Referring to fig. 4 and 5, fig. 5 is an enlarged view of the second dielectric layer 112 shown in fig. 4 in a region B, and after the plasma treatment, the surface of the first dielectric layer 111 and the second dielectric layer 112 are respectively activated.
Referring to fig. 6 and 7, fig. 7 is an enlarged view of the second dielectric layer 112 and the first dielectric layer 111 shown in fig. 6 in the region C, and after the activation process, the first wafer 101 and the second wafer 102 are bonded together; after the bonding, high-temperature treatment is performed to bond the first wafer 101 and the second wafer 102.

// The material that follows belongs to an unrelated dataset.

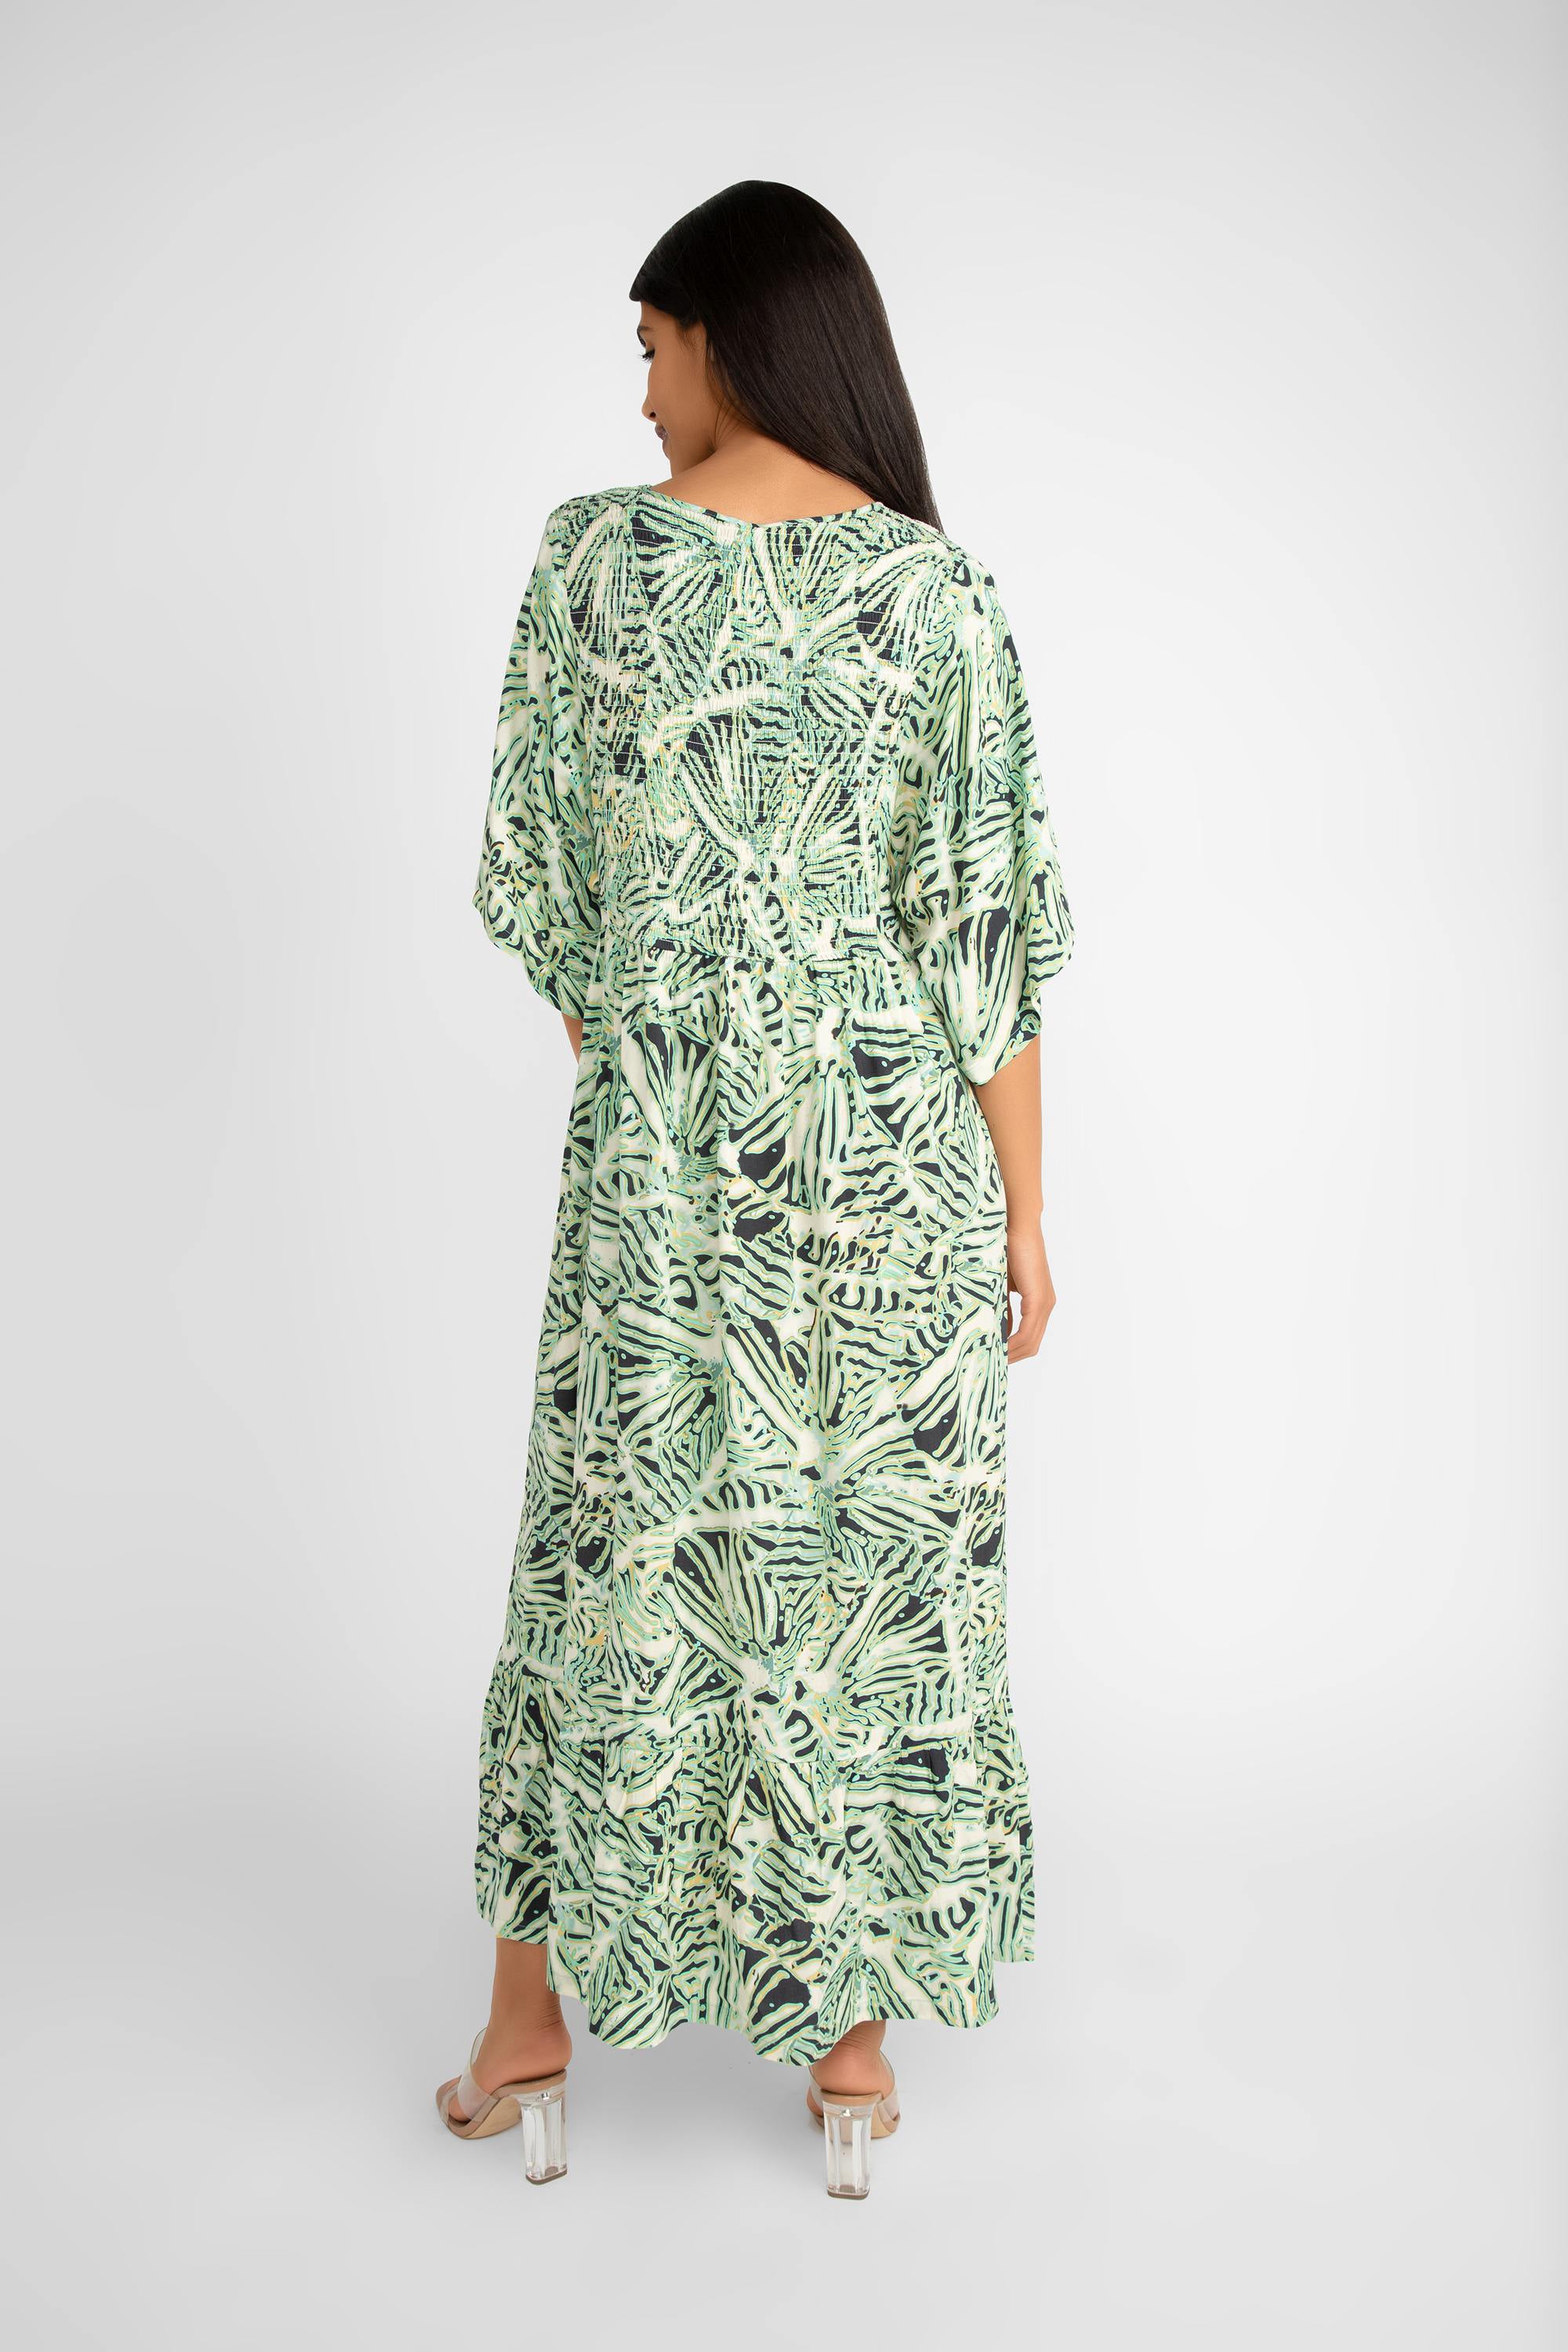 Back view of Soya Concept (40629) Women's Short Sleeve Aqua Foliage Printed Maxi Dress with V-neck and smocked bodice

In the above method, plasma having a certain energy can activate and break the covalent bonds on the surfaces of the first dielectric layer 111 and the second dielectric layer 112 by plasma treatment, thereby causing bond breakage. The material of the first dielectric layer 111 and the second dielectric layer 112 is usually silicon oxide, so after bond breaking, Si — O groups are formed on the surface of the first wafer 101 and the surface of the second wafer 102, respectively. The activation process typically employs deionized water that is capable of reacting with Si-O groups to form Si-OH groups on the surfaces of the first wafer 101 and the second wafer 102. Under the high temperature condition, the Si-OH groups of the first wafer 101 and the Si-OH groups on the surface of the second wafer 102 react, so that bonding occurs between the first wafer 101 and the second wafer 102.
However, since the number of Si-OH groups on the surface of the first wafer 101 and the surface of the second wafer 102 cannot be known, and the number of Si-OH groups is directly related to the subsequent bonding energy, the bonding effect between the subsequent first wafer 101 and the second wafer 102 cannot be known, which is likely to result in low yield of the final product.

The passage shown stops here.